Across all queries, the total $n$ is bounded by $5 \cdot 10^5$, so the overall complexity stays within acceptable limits.

Test Cases

import sys, io

def run(inp: str) -> str:
    sys.stdin = io.StringIO(inp)
    from sys import stdout
    import sys

    input = sys.stdin.readline

    def solve():
        q = int(input())
        for _ in range(q):
            n, k = map(int, input().split())
            edges = []
            for _ in range(n - 1):
                u, v, w = map(int, input().split())
                edges.append((w, u, v))
            edges.sort(reverse=True)

            used = [0] * n
            ans = 0
            for w, u, v in edges:
                if used[u-1] < k and used[v-1] < k:
                    used[u-1] += 1
                    used[v-1] += 1
                    ans += w
            print(ans)

    solve()
    return sys.stdout.getvalue().strip()

# sample tests
assert run("""2
4 1
1 2 5
3 1 2
3 4 3
7 2
1 2 5
1 3 4
1 4 2
2 5 1
2 6 2
4 7 3
""") == """8
14"""

# single edge tree
assert run("""1
2 1
1 2 10
""") == "10"

# star tree
assert run("""1
4 1
1 2 1
1 3 2
1 4 3
""") == "3"

# larger k than degree
assert run("""1
4 10
1 2 5
2 3 6
3 4 7
""") == "18"

# chain
assert run("""1
5 2
1 2 1
2 3 2
3 4 3
4 5 4
""") == "10"

Test input	Expected output	What it validates
single edge	10	base case correctness
star	3	capacity bottleneck at center
large k	18	k does not artificially restrict
chain	10	greedy picks optimal subset along path

Edge Cases

A key edge case is when $k$ is larger than any vertex degree.

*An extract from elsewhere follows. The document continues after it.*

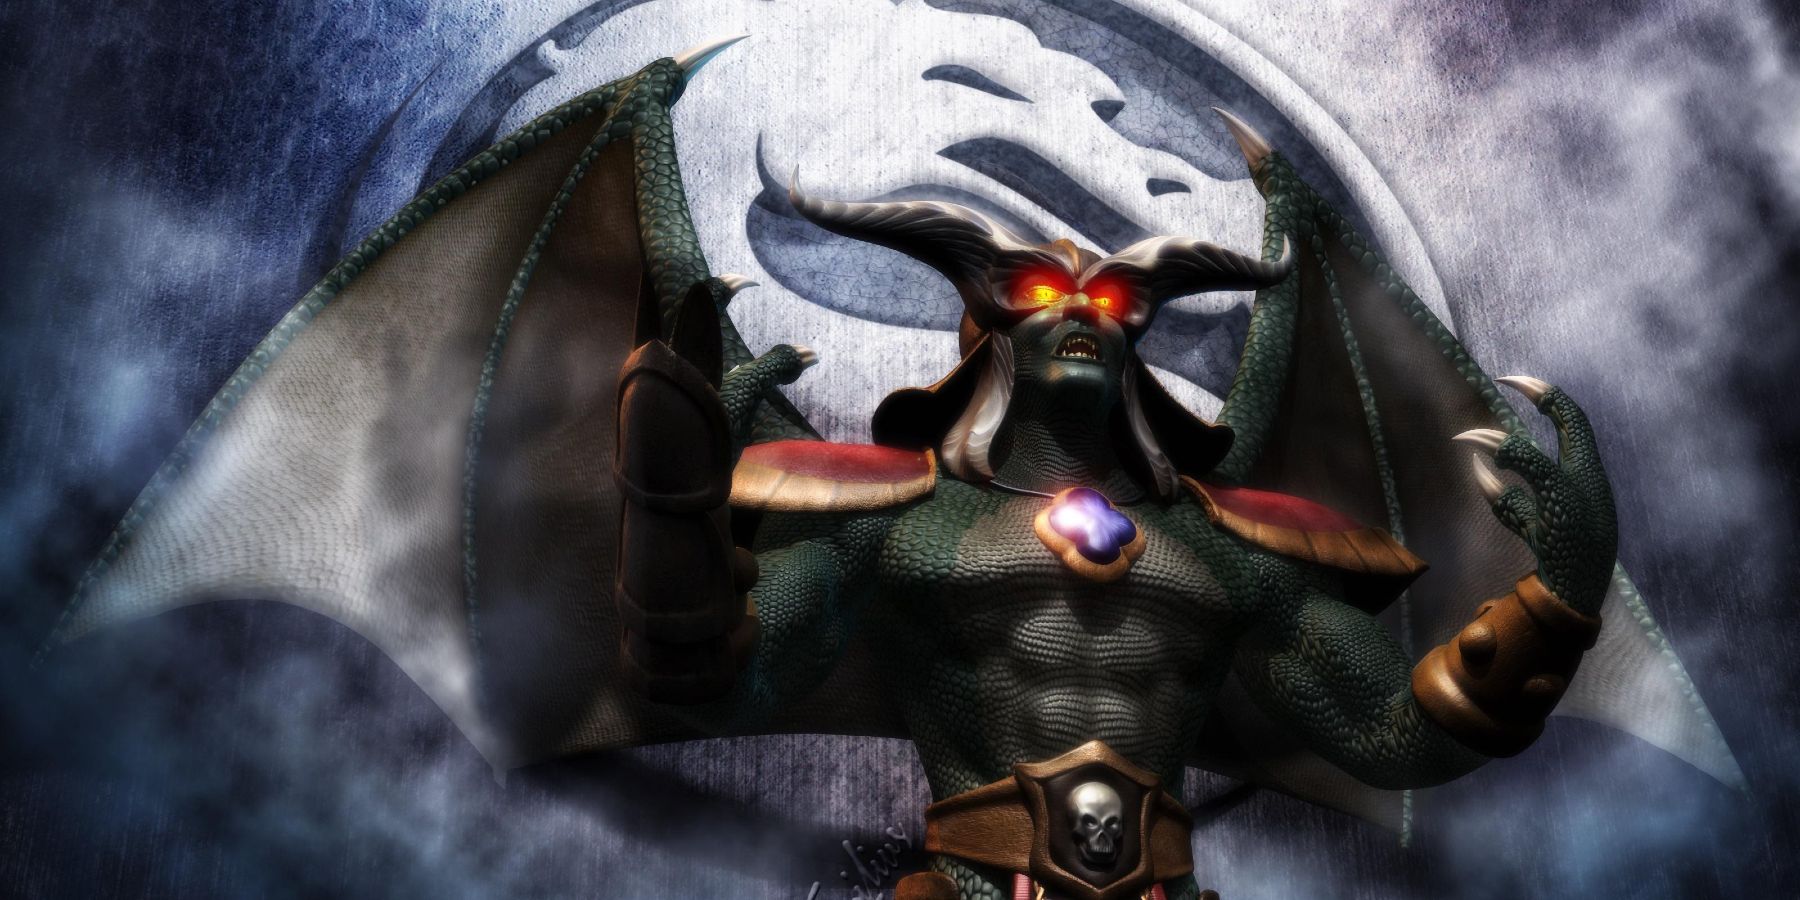 Emperor Onaga Of Outworld strikes a battle pose in Mortal Kombat Deception

In that situation, no capacity constraint is active, and the algorithm simply selects all edges. For a path of four nodes, all edges are included and the answer is the sum of all weights.

Another case is a star-shaped tree where the center has high degree but $k=1$. The greedy algorithm selects only the single heaviest edge incident to the center, and all others are rejected because the center reaches capacity immediately. Tracing the algorithm shows that every rejection is caused by used[center] reaching 1, matching the intended constraint behavior.

A final subtle case is a balanced tree with mixed edge weights where early selections block later high-value edges. The sorted order ensures that if a later edge is blocked, it is because both endpoints have already been used on edges of at least equal weight, preserving optimality.